Dikkat ettiniz mi, ağlamakla devletten daha çok şeyler koparmaya çalışan turizmciler, “çok kötü bir sezon. Otellerimiz bomboş” diyorlar da, tek başlarına ya da bir araya gelip otellerin dolduracak yabancı turisti getirmek için gayret gösteriyorlar mı ?
İşin kolayını bulmuşlar, ağlıyorlar.
Onların gözyaşlarına kanan devletimizde istediklerini hep veriyor. Onlar istemekten, devlette vermekten geri kalmıyor.
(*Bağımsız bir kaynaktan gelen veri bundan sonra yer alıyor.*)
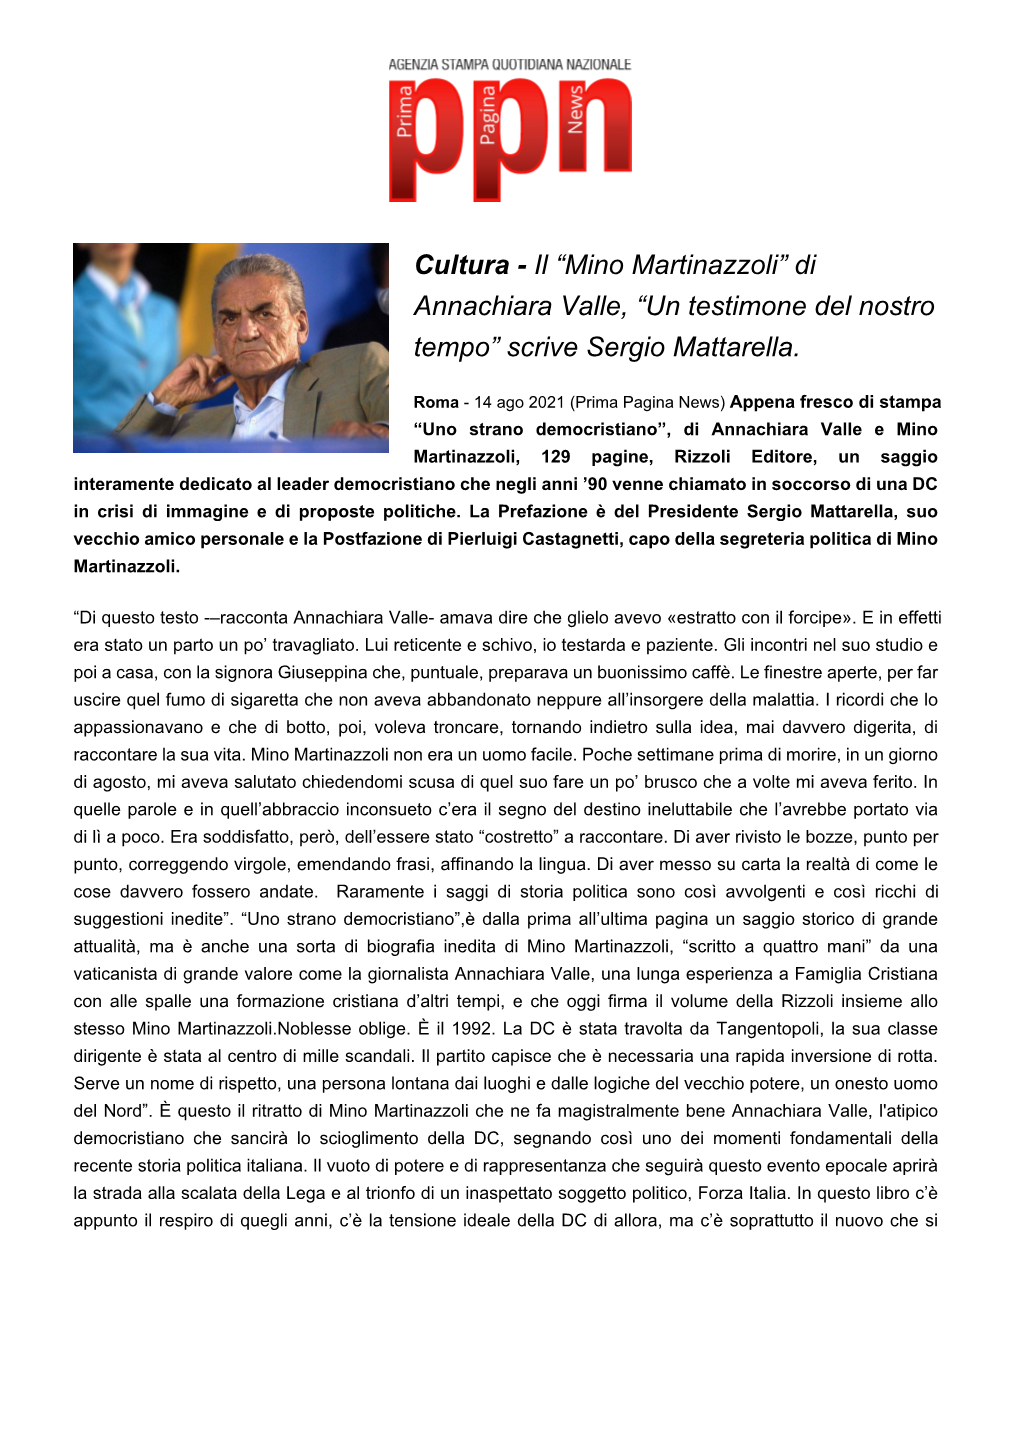 Il “Mino Martinazzoli” Di Annachiara Valle, “Un Testimone Del Nostro Tempo” Scrive Sergio Mattarella

Antalya Büyükşehir Belediye Başkanı Menderes Türel’in gösterdiği gayretin yüzde 1’ini bile göstermiyorlar. Kaldı ki, bana göre Antalya’ya turist getirmek büyükşehirin, büyükşehir belediye başkanının görevi hiç mi hiç değil. Konaklama tesislerinin sahipleri ve yöneticileri yan gelip yatacaklar, arada bir ağlayacaklar...
Hiçbir emek harcamadan her şeyin kendine sunulmasını bekleyen kişi ya da kişiler için söylenen bir söz geldi aklıma .“Armut piş, ağzıma düş.”
Sanki turizmciler için söylenmiş.
Halbuki sadece turizmcinin hali kötü..
Esnaf kan ağlıyor, gün geliyor şiftah bile yapmadan dükkanını kapatanlar var. Çoğu iflasın eşiğinde.
Çiftçi ve besici dersen...
Onca emek, onca masraf...Bir yandan sıcak ya da aşırı soğuk, yani “don”.
İyi verim alırlarsa ancak yaptıkları masraflarını karşılayabiliyorlar. Almazlarsa, cepten...
Arada kazananlar var, çiftçinin sırtından yüklü kazananlar var. O ayrı bir konu.
Yine dikkat ettiniz mi...Esnafta, çiftçi ve besici de turizmciler, otel sahip ve yöneticileri gibi ağlayamıyorlar.
Ağlayamayınca da devletten istediklerini alamıyorlar.